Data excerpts
★ ★ ★ ★ ★

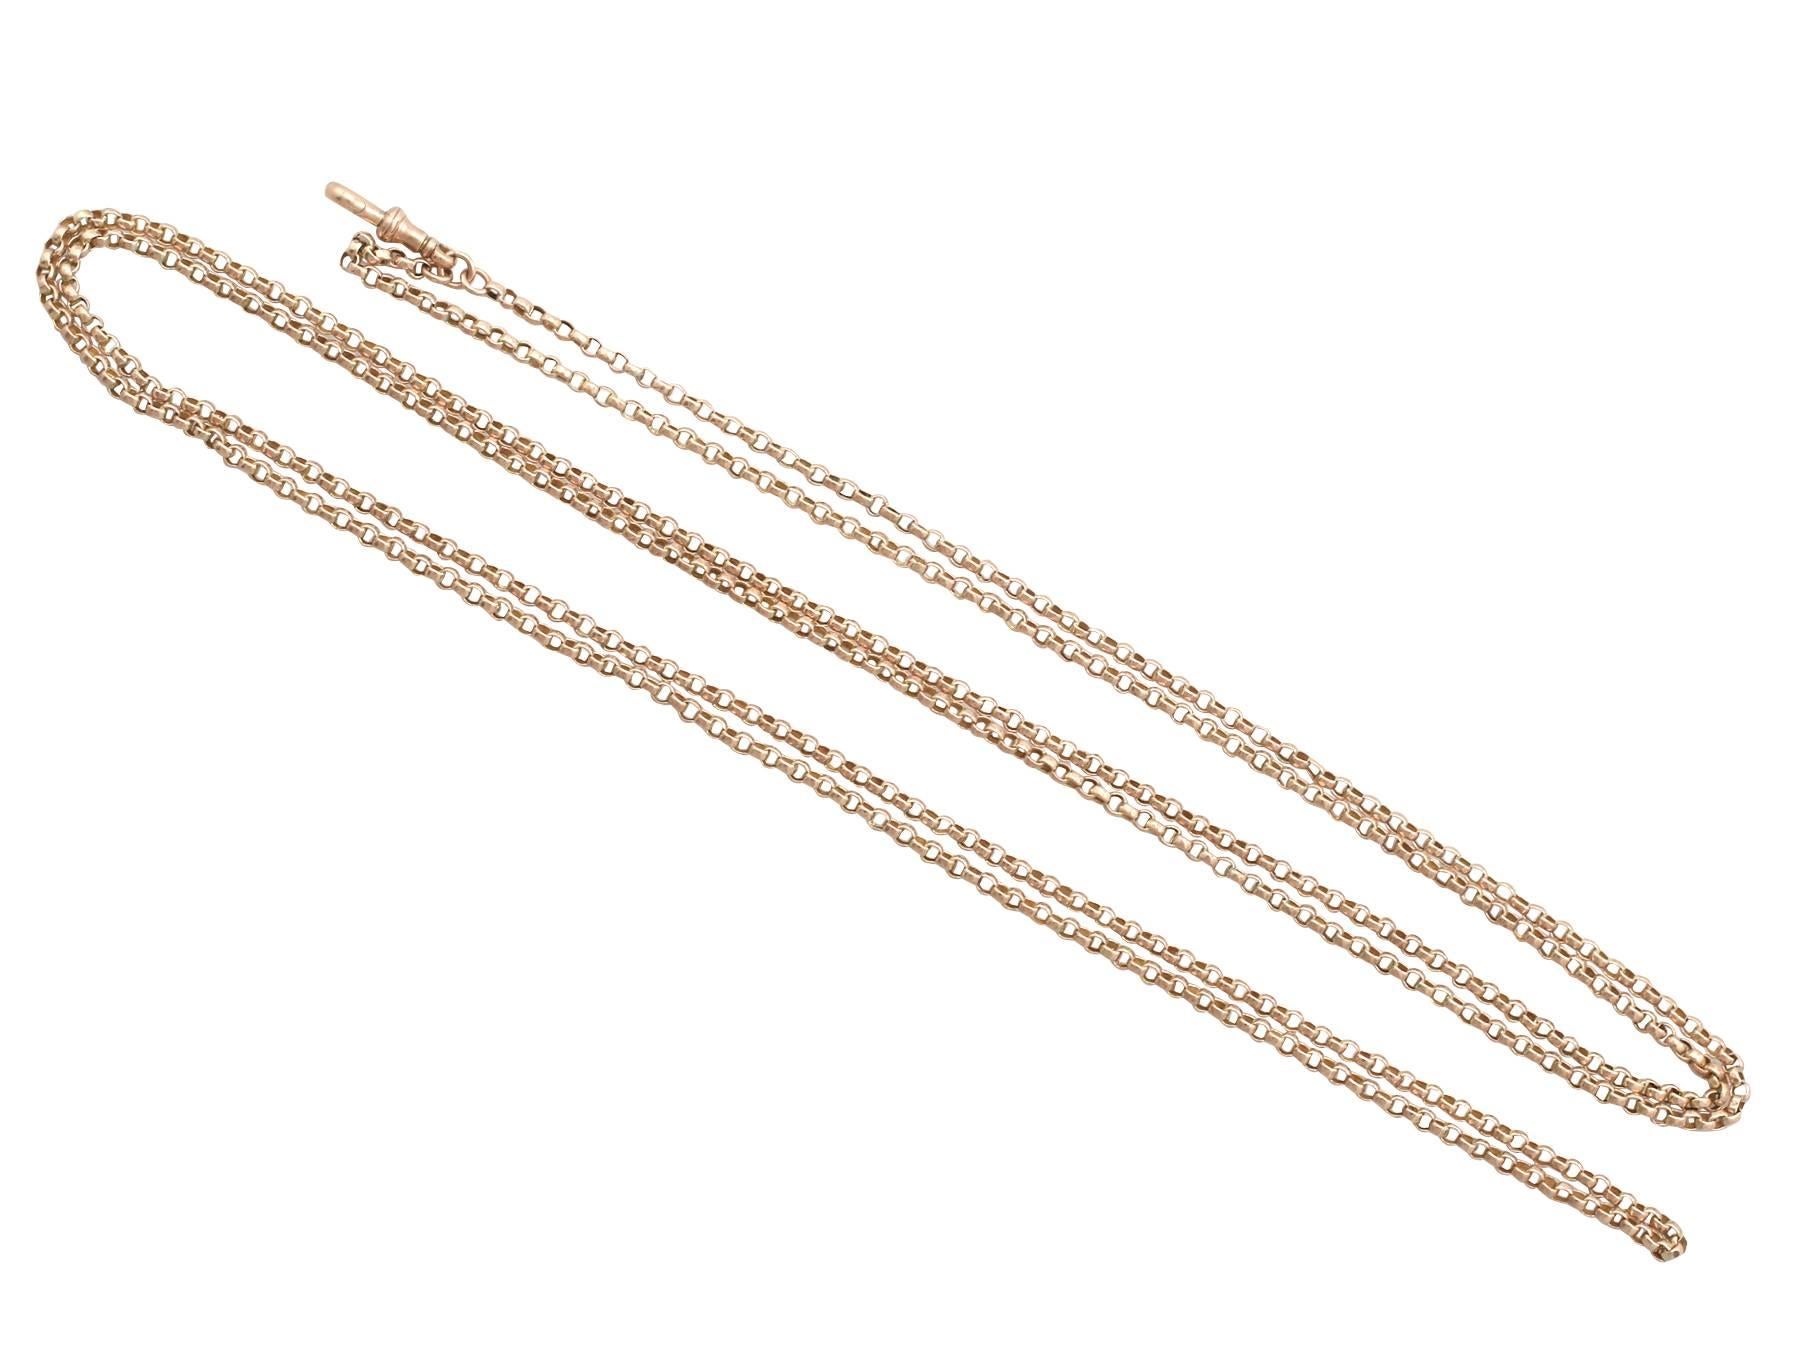 A fine and impressive antique Victorian 9 karat yellow gold longuard chain; part of our antique jewelry and estate jewelry collections

This fine and impressive antique longuard chain has been crafted in 9k yellow gold.

The links that make up this
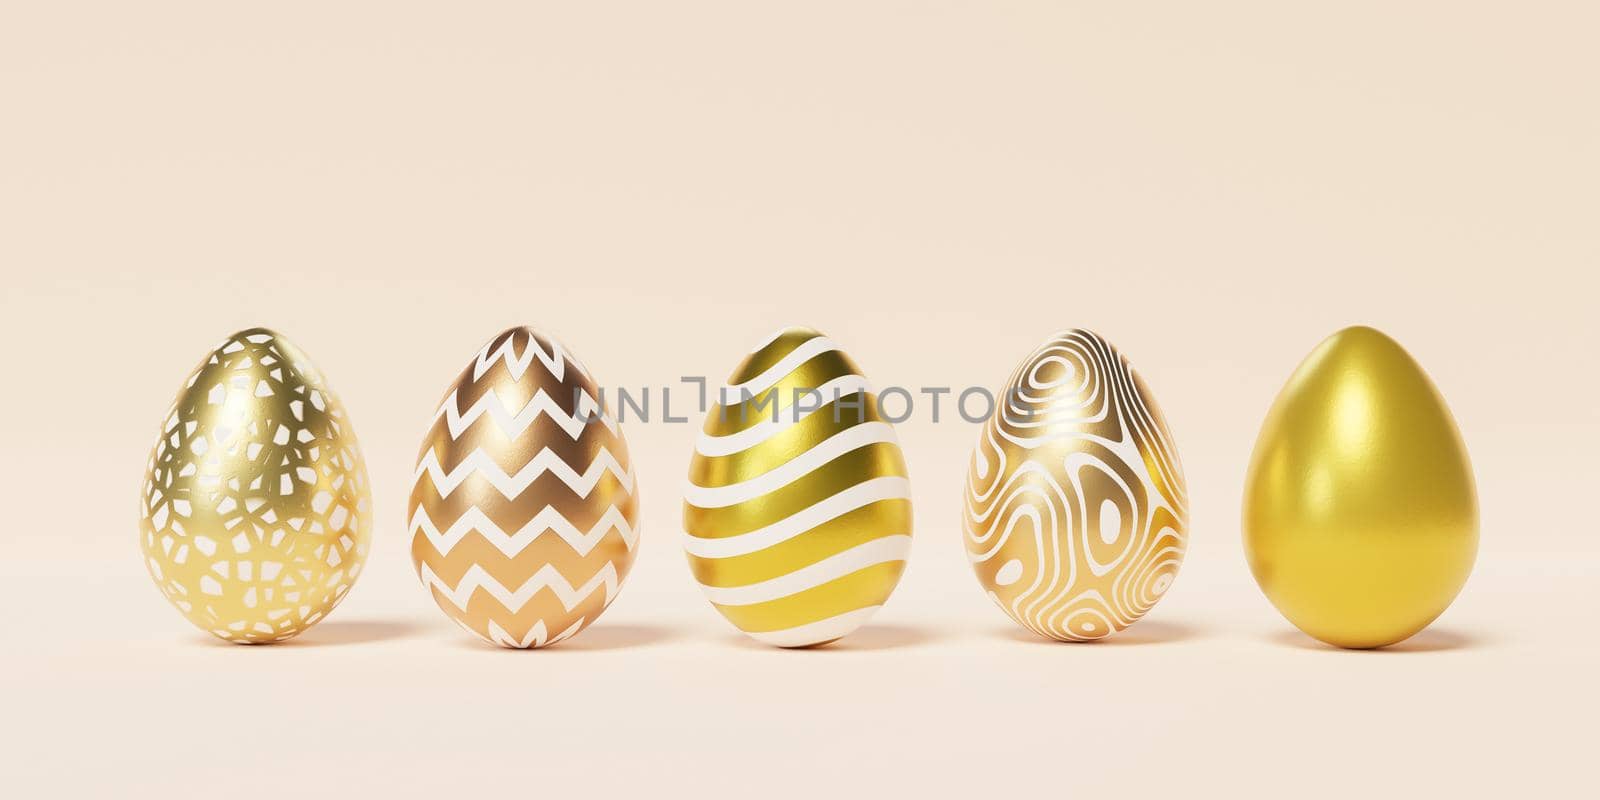 Set of Easter eggs decorated with golden textures and patterns on beige background, spring April holidays card, 3d illustration render
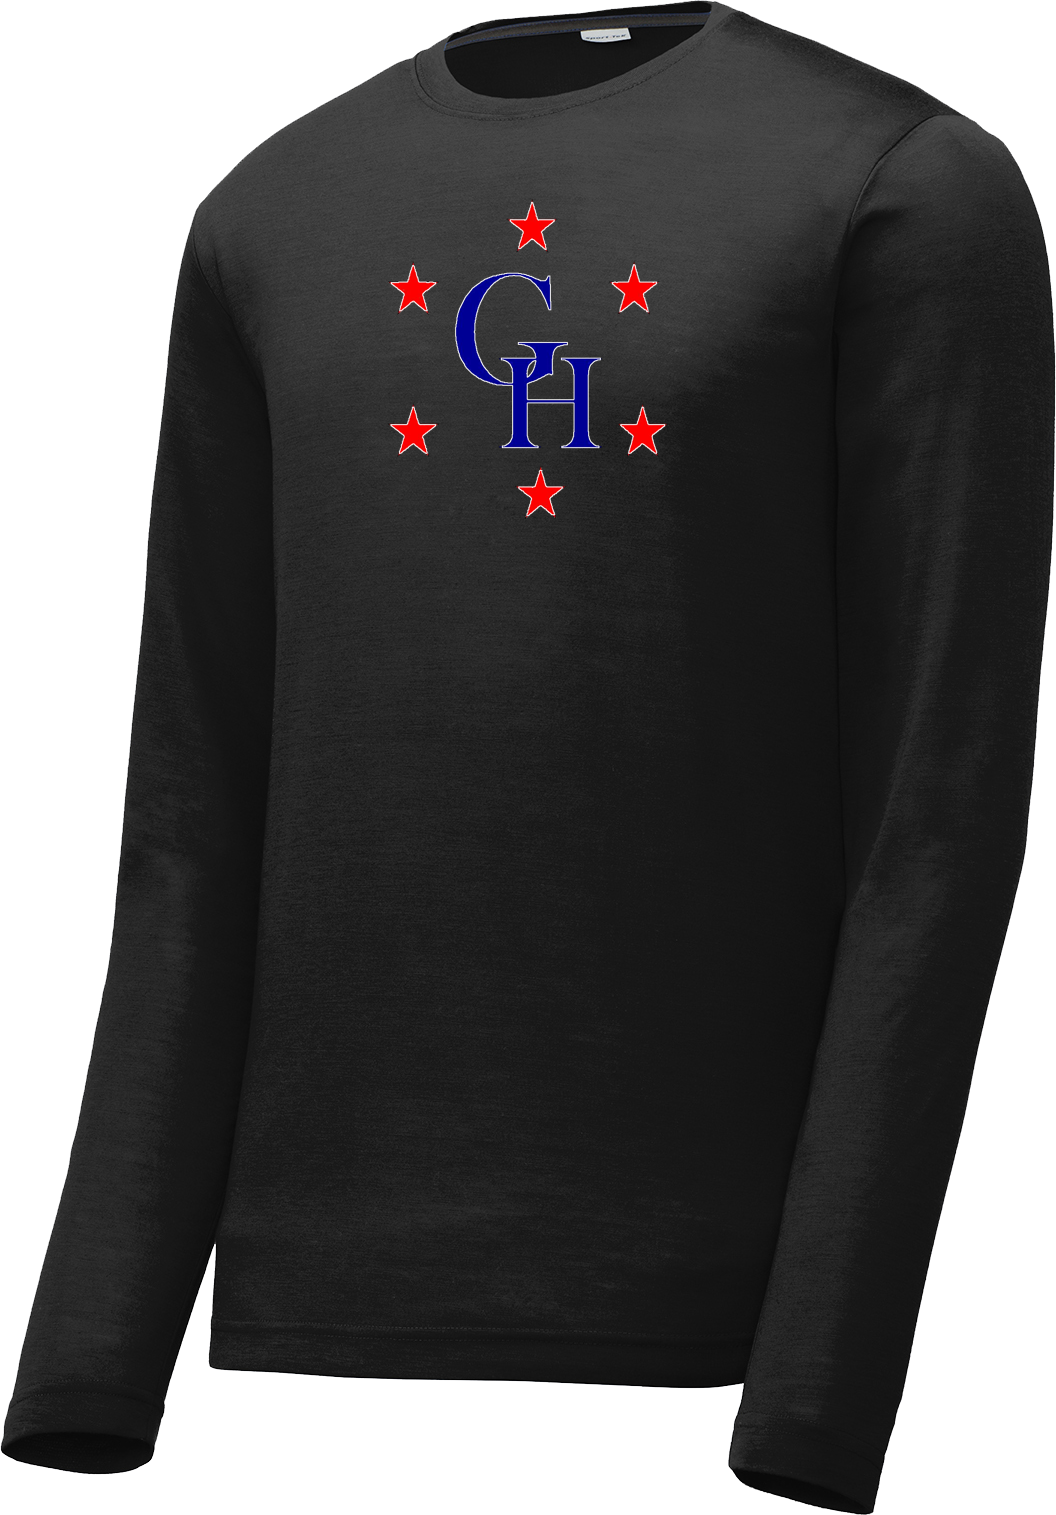 Greater Hollow Middle School Men's Black Long Sleeve CottonTouch Performance Shirt
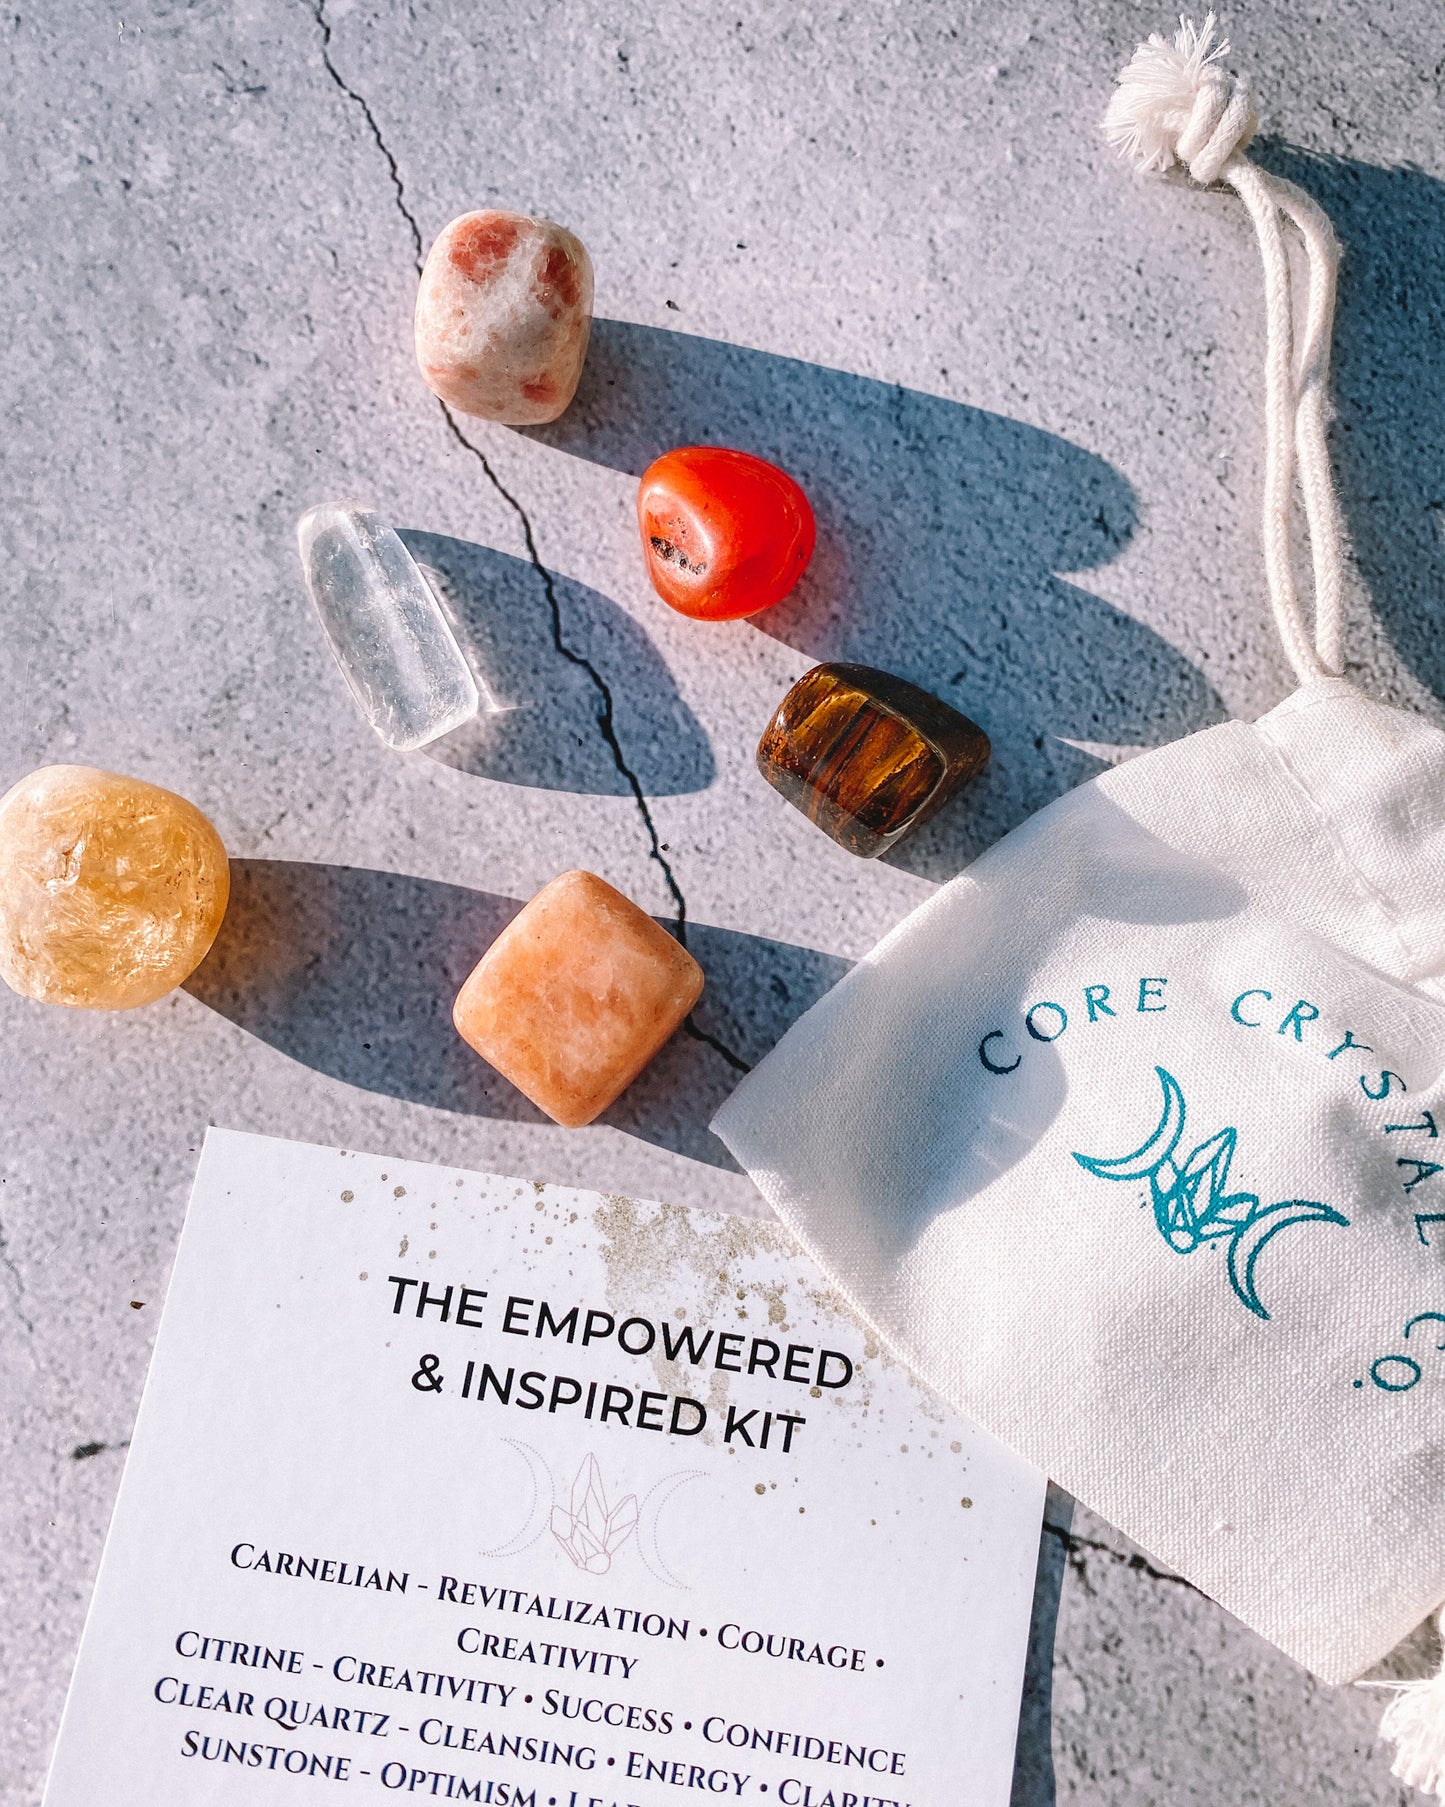 The empowered & inspired kit

★ ★ ★ ★ ★

▶ WHAT THE TASK ASKS: Starting at the line that contains "Greater Hollow Middle", write out every line through the end of the entries above exactly, and omit the pictures.

▶ TASK ANSWER:
 Greater Hollow Middle School Men's Black Long Sleeve CottonTouch Performance Shirt
 The empowered & inspired kit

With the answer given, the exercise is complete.